After days of being out of sorts, as one tends to be now and then, I woke up today with a relaxed heart. I made coffee, returned to bed and sat in it for a good hour, doing nothing. It is winter, after all, and this ritualistic slowness is part of the package you get with the slower months. Over the years, I have learned that I must keep going until I reach the moment when my body, not my mind, wants rest; the mind gives up faster than the body does on most days. We can work our way around a rebellious mind, but we cannot talk an uncooperative body into action. We must lay down our figurative swords on its first suggestion, and then, as it suggests, we must rest. To begin the day, once and for all, I got out of bed and sipped the coffee, now lukewarm. Oh, the sinful pleasure of intentional tardiness. As I sipped the coffee, the world echoed: there is still time; I believed every word.

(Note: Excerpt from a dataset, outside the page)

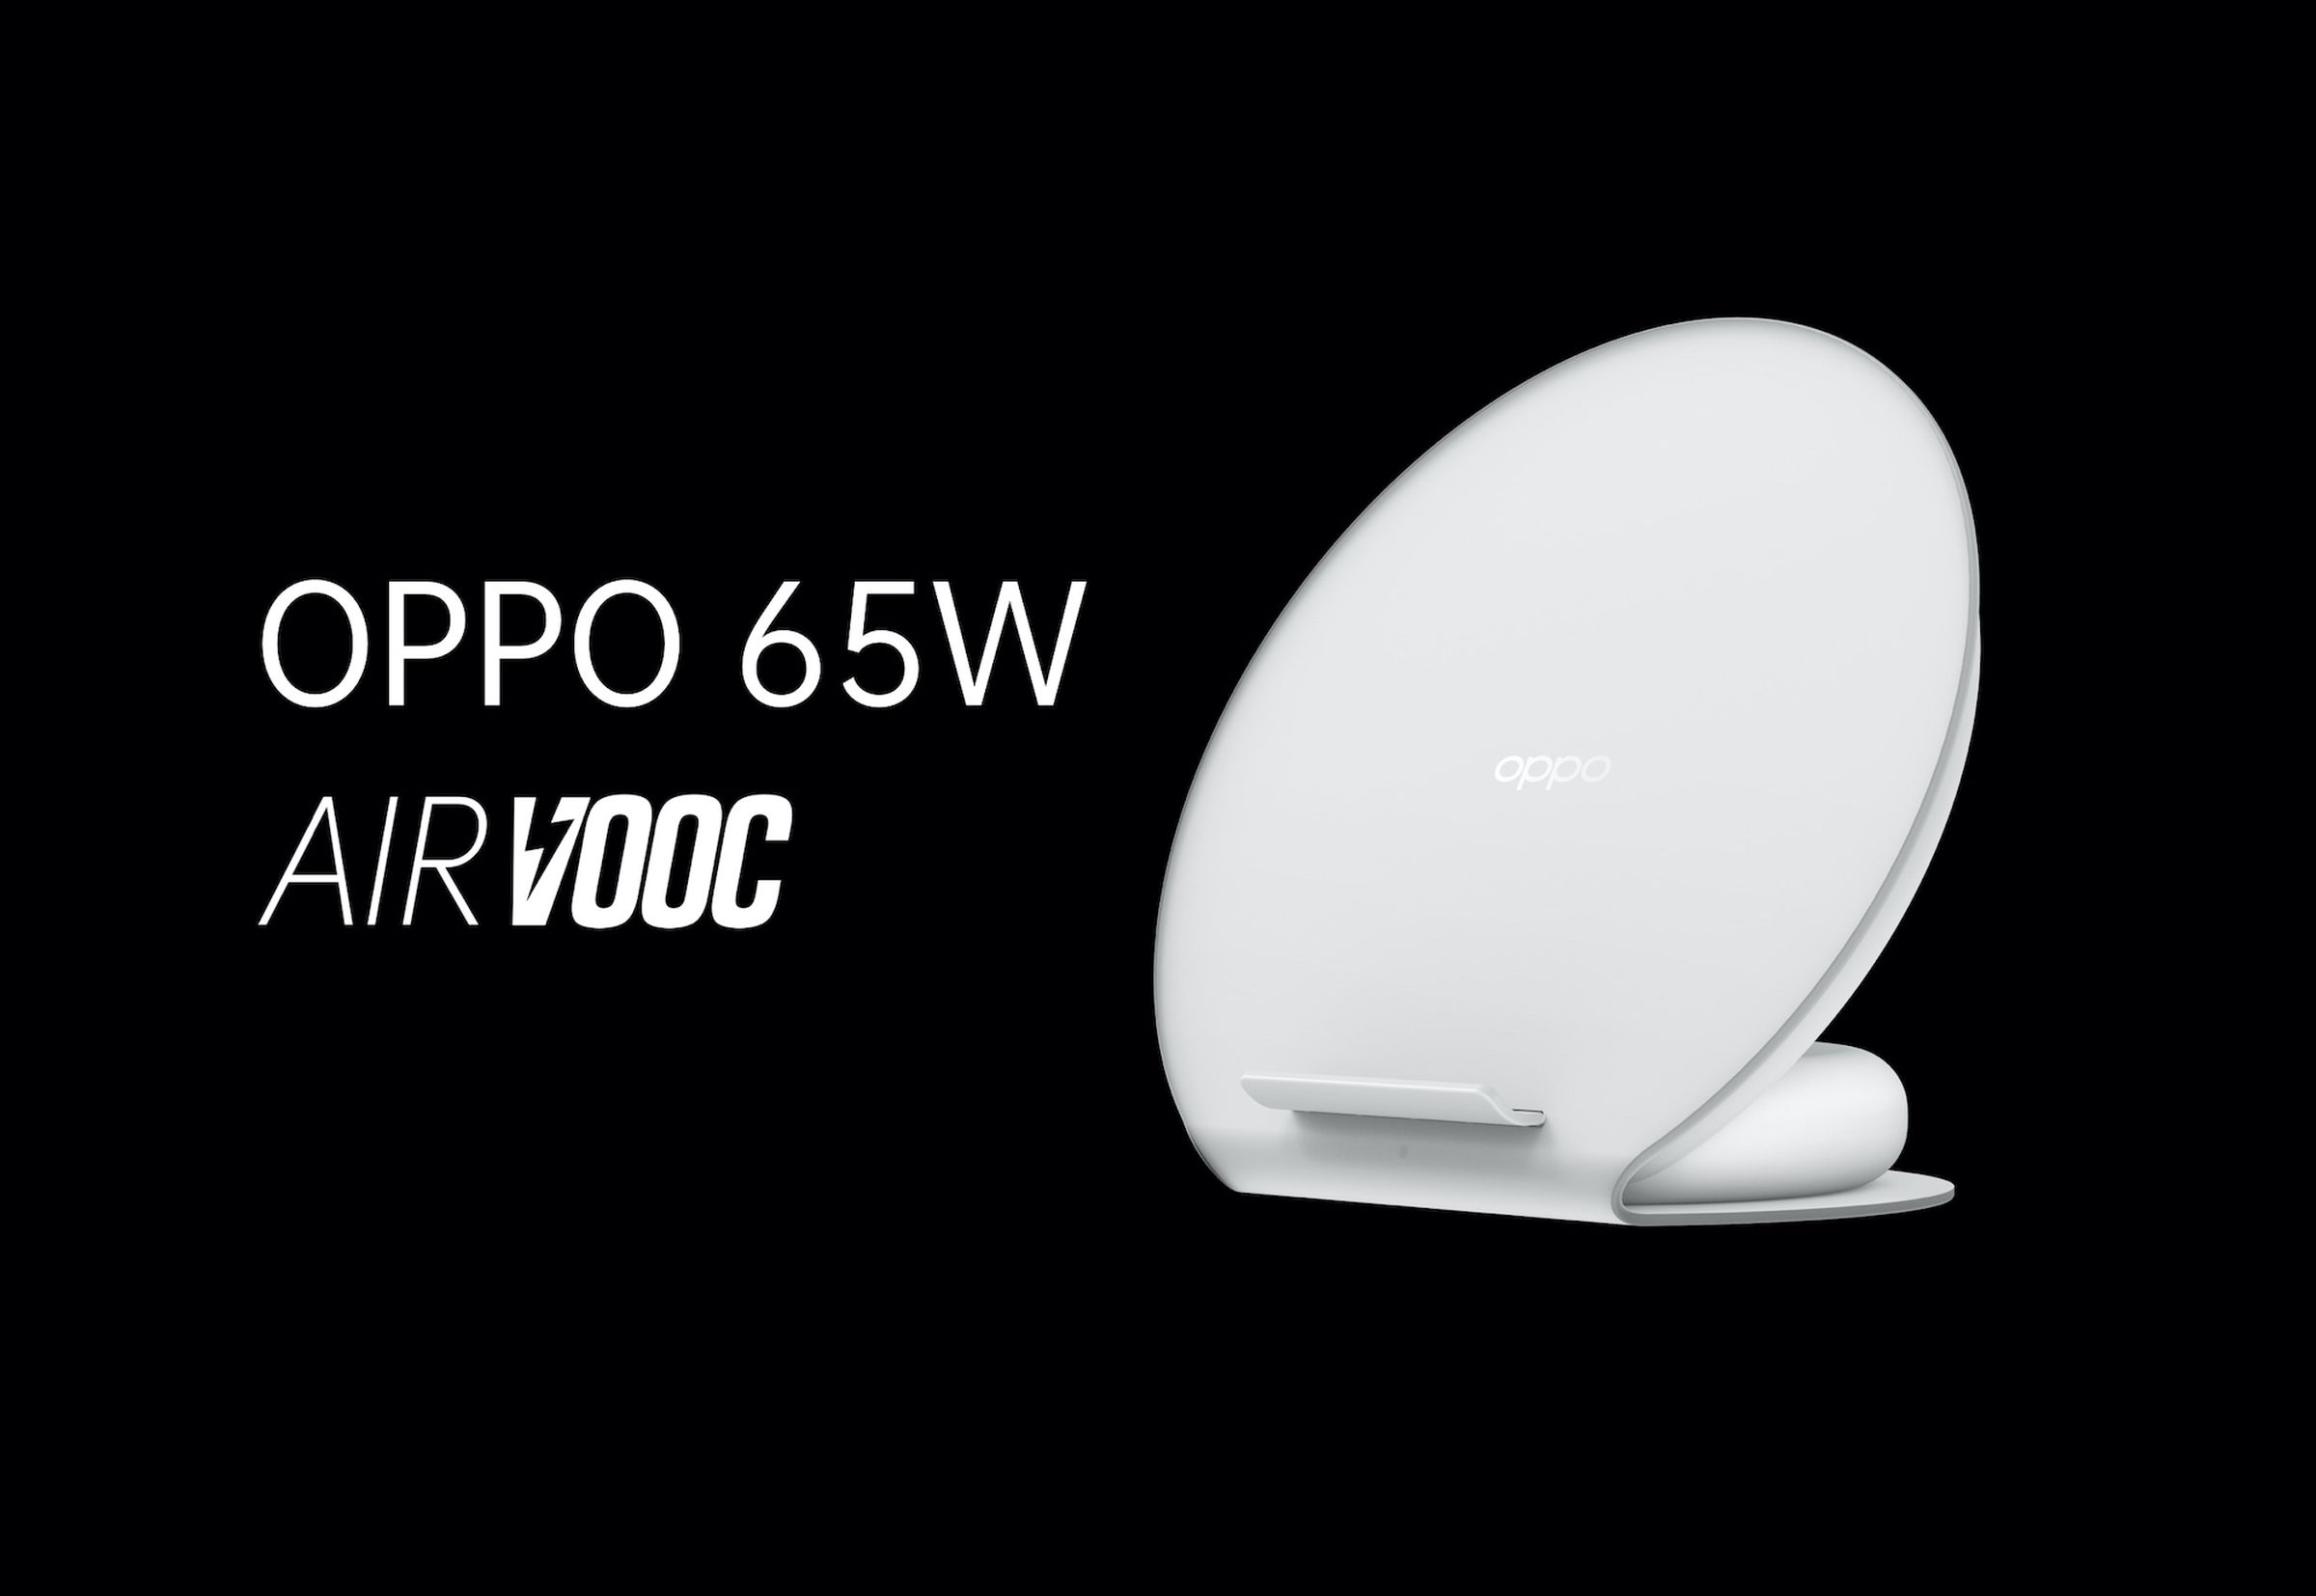 Oppo 65W AirVOOC charger.

And if for some reason, you want me to inquire about what happened, it is too late for that. We can never know what truly happens when we lose our spirits. The soul is surrounded by shaky scaffolding. It is there, in all its glory, and it is also continually being built. And a lot can happen when things are being built: a can of paint falls now and then, a ladder slips sometimes, and some ropes come loose here and there. It says little about what is being built, which is what happened here too. I could not be too sure what it was, but we should try not to worry about it. Time is an astute sculptor. We must let it do its work and shake things off when chaos arises.
“Nothing happened”, we should announce, “nothing at all. Let us resume our duties. There is a life to build.”